Pope Francis joined 600 Muslim, Christian, Jewish, Hindu, Sikh and Buddhist religious figures on Monday at a conference on interfaith dialogue, oppression of religious communities, and extremism.

Lebanon’s Maronite Catholic patriarch Bechara Boutros al-Rahi told the interfaith gathering: “This conference represents a call for ending all wars and conflicts.”

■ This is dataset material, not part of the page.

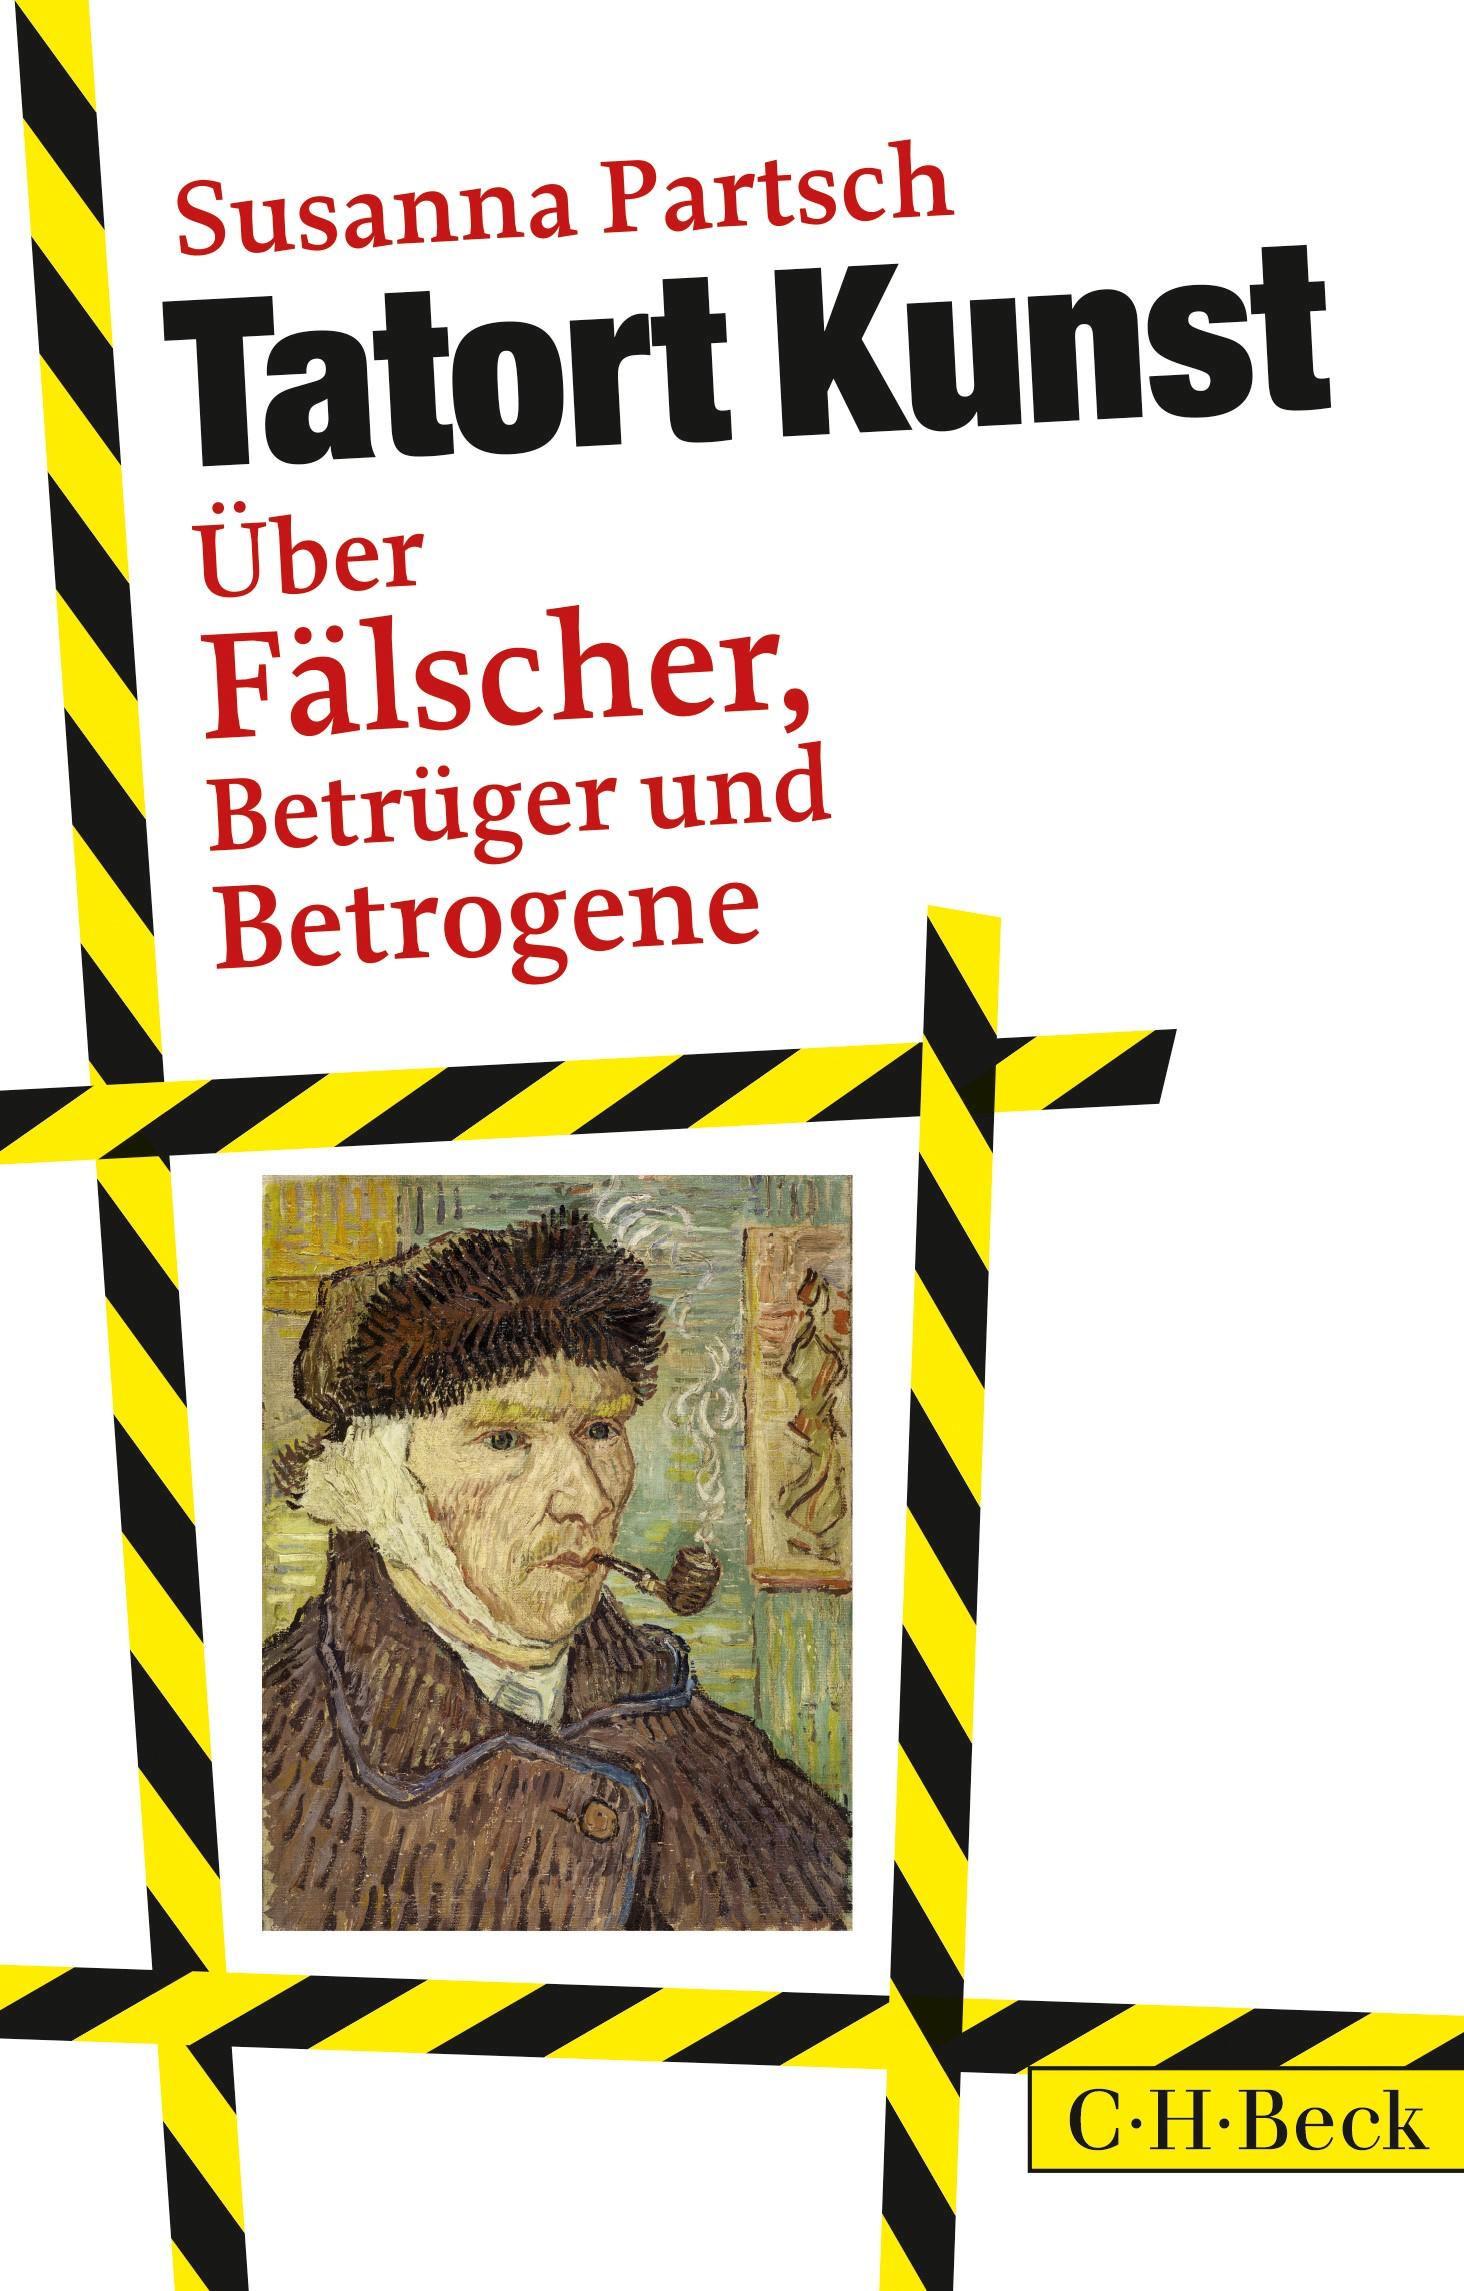 Cover des Buches 'Tatort Kunst'

The pope also met with Sheikh Ahmed al-Tayeb, Grand Imam of Egypt’s Al-Azhar mosque and one of the world’s leading Sunni scholars. The pair jointly declared that “religions must never incite wars, hateful attitudes, hostility and extremism, nor must they incite violence or the shedding of blood”.

Dr Anthony O’Mahony, Oxford-based expert on the Arabian peninsula and region said the pair’s meeting echoed a three-week dialogue in 1219 between St Francis of Asisi – for whom the pope is named – and Egyptian sultan and scholar Malik al-Kamil.

While those conversations took place during the violence of the Fifth Crusade,the two men realised their faiths could reconcile and coexist in peace.

Dr O’Mahony observed that the pope’s meeting with Sheikh Tayeb in Saudi Arabia, the birthplace of Islam, “is not just about the UAE, it has global resonance. It is not just important for Christians in the Middle East but is a historical marker for encounters between these two religious traditions”.

Christians and Jews lived in Arabia during the lifetime of the Prophet Muhammad. The Koran mentions the Abrahamic prophets and Jesus urges Muslims, Christians and Jews to respect each other.

Unlike Saudi Arabia, which bans public Christian worship, the UAE – where Islam is the state religion – hosts 40 churches which serve more than one million Christians.

In Dubai there is a Hindu temple, Sikh gurdwara and Buddhist temple. In Abu Dhabi, a new Hindu temple is under construction, and Christmas and the Hindu festival Diwali are widely celebrated in the UAE.

Christian missionary work among Muslims is prohibited in the UAE, although Christian schools and hospitals operate there. The first hospital was opened by US medical missionaries in 1960 under the auspices of Abu Dhabi ruler Sheikh bin Sultan Al Nahyan, founder of the UAE.

On Tuesday, more than 135,000 Catholics are expected to attend a papal mass at the Zayed Sports City before the pope returns to Rome.